PROBLEM TO WORK ON: Would you please copy only the lines from the line that contains "#1010 Mon quartier" to the end of the data below, exactly, leaving every picture out?

--- DATA SEGMENT Enclosed Below ---

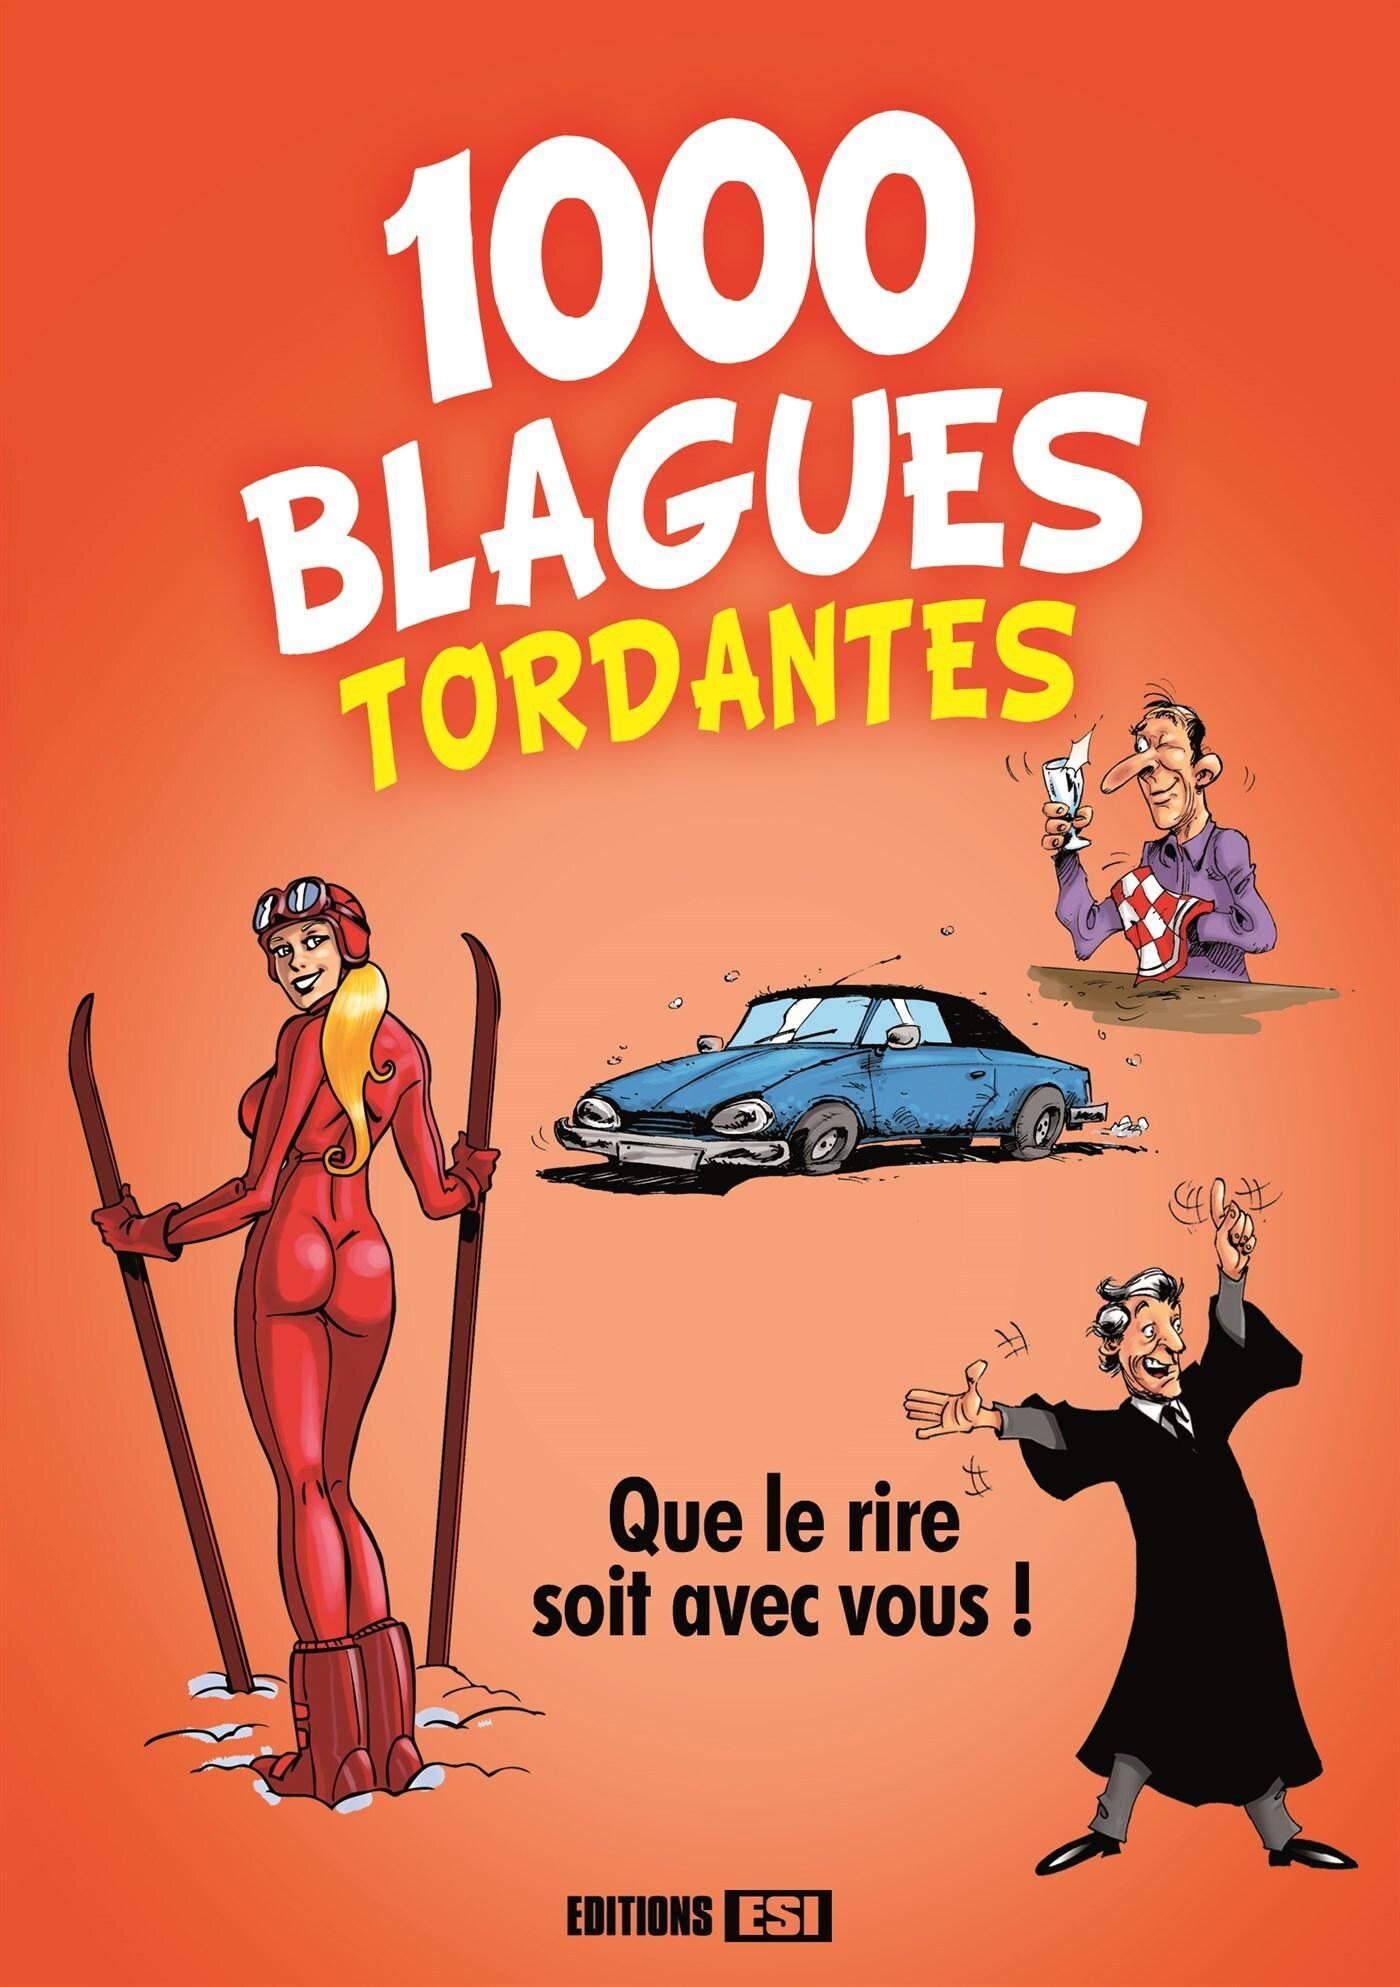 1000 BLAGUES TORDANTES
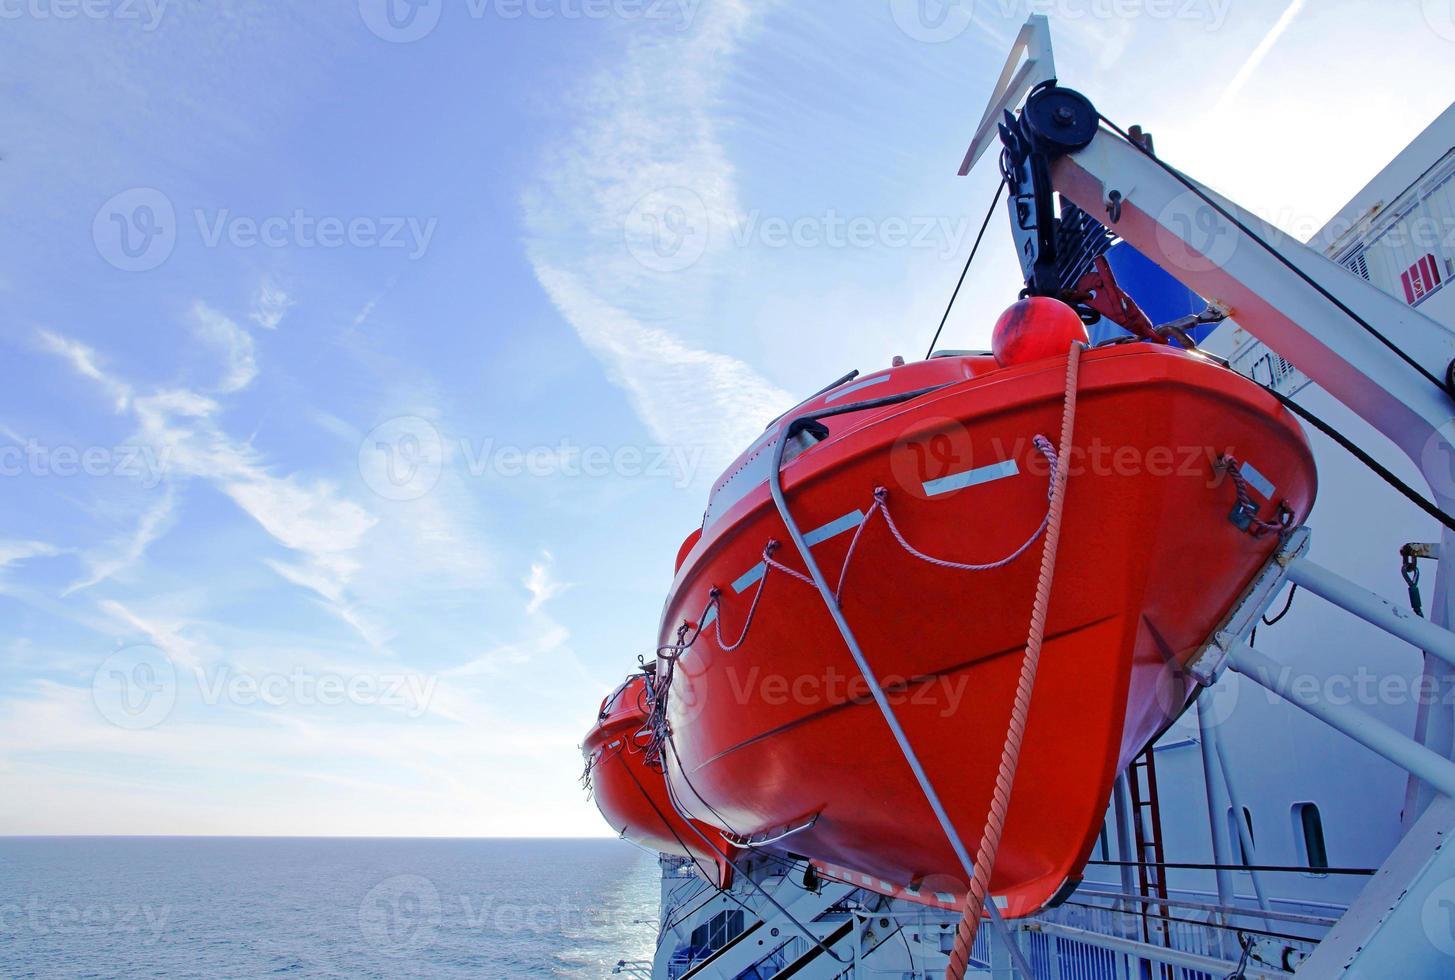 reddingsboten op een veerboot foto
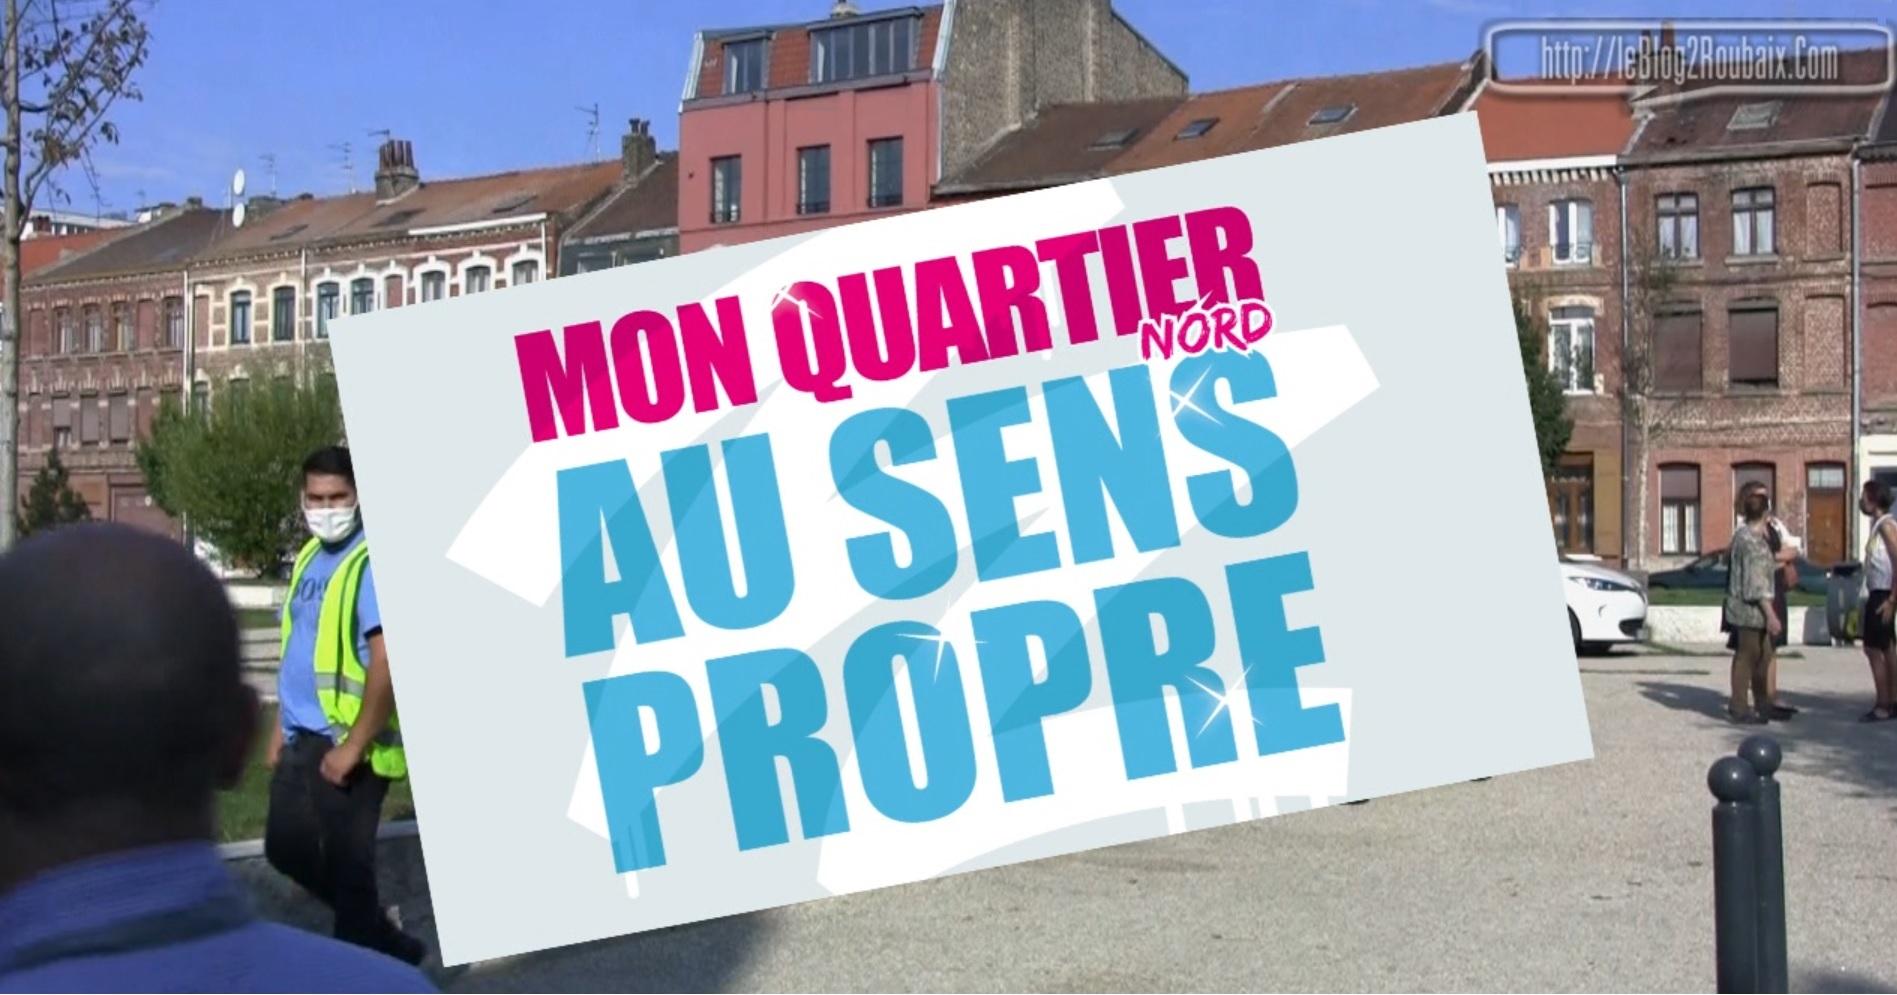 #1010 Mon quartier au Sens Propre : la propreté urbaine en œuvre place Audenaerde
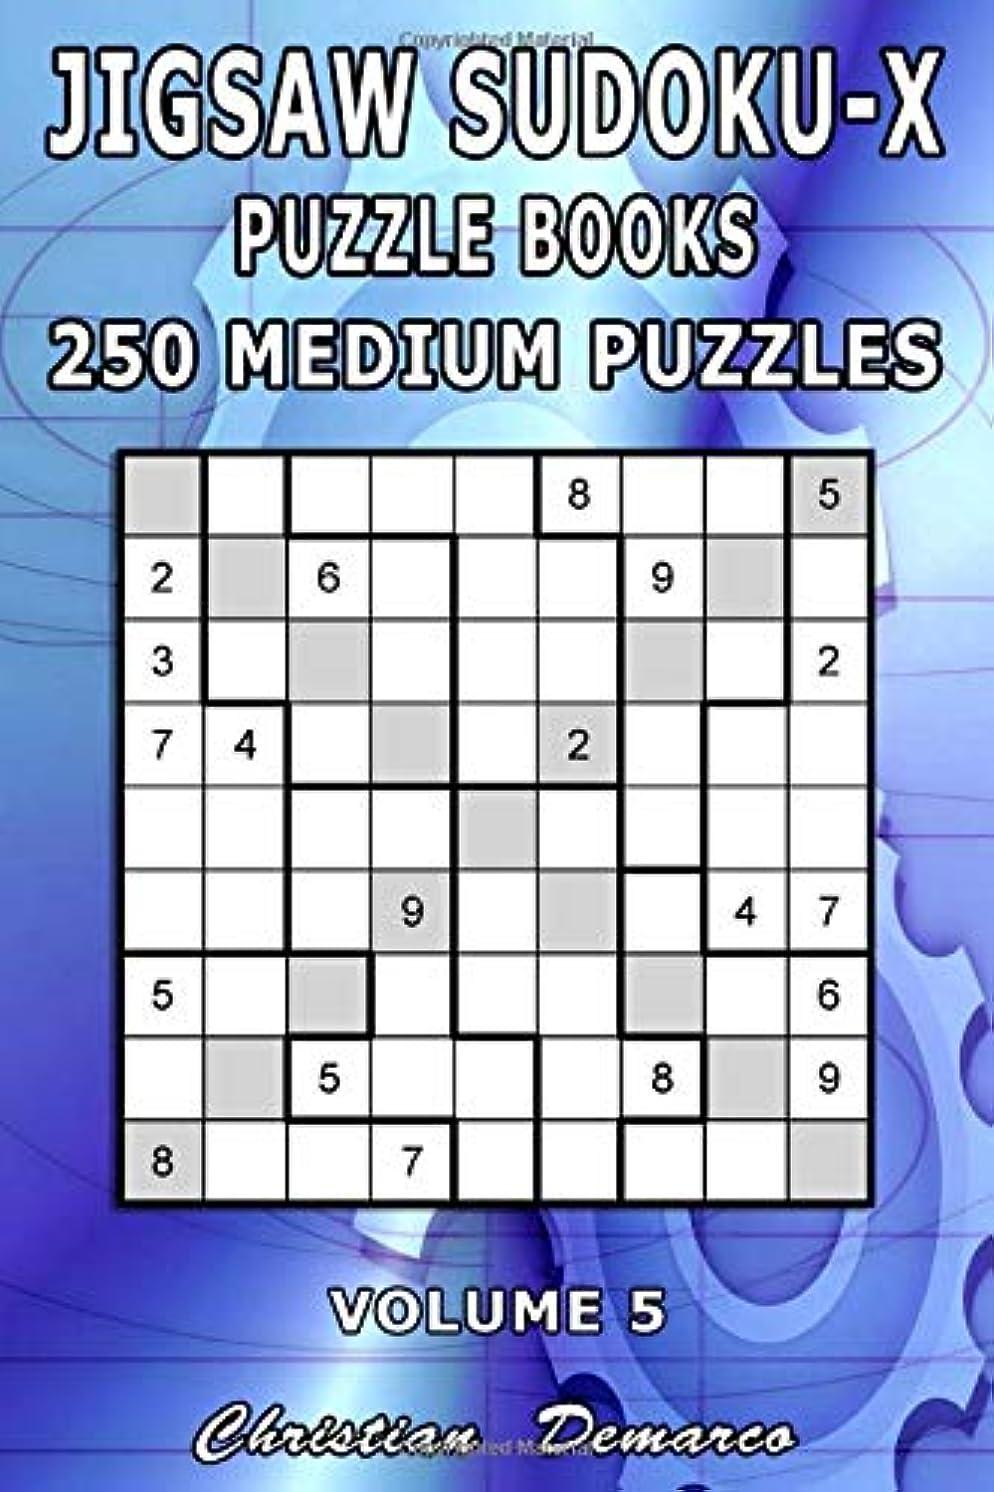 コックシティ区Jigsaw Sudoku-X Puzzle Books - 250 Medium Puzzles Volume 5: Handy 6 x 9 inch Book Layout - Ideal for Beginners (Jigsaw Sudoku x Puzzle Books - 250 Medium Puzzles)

--- End of Enclosed DATA SEGMENT ---

RESPONSE TO THIS EXERCISE:
 #1010 Mon quartier au Sens Propre : la propreté urbaine en œuvre place Audenaerde
 コックシティ区Jigsaw Sudoku-X Puzzle Books - 250 Medium Puzzles Volume 5: Handy 6 x 9 inch Book Layout - Ideal for Beginners (Jigsaw Sudoku x Puzzle Books - 250 Medium Puzzles)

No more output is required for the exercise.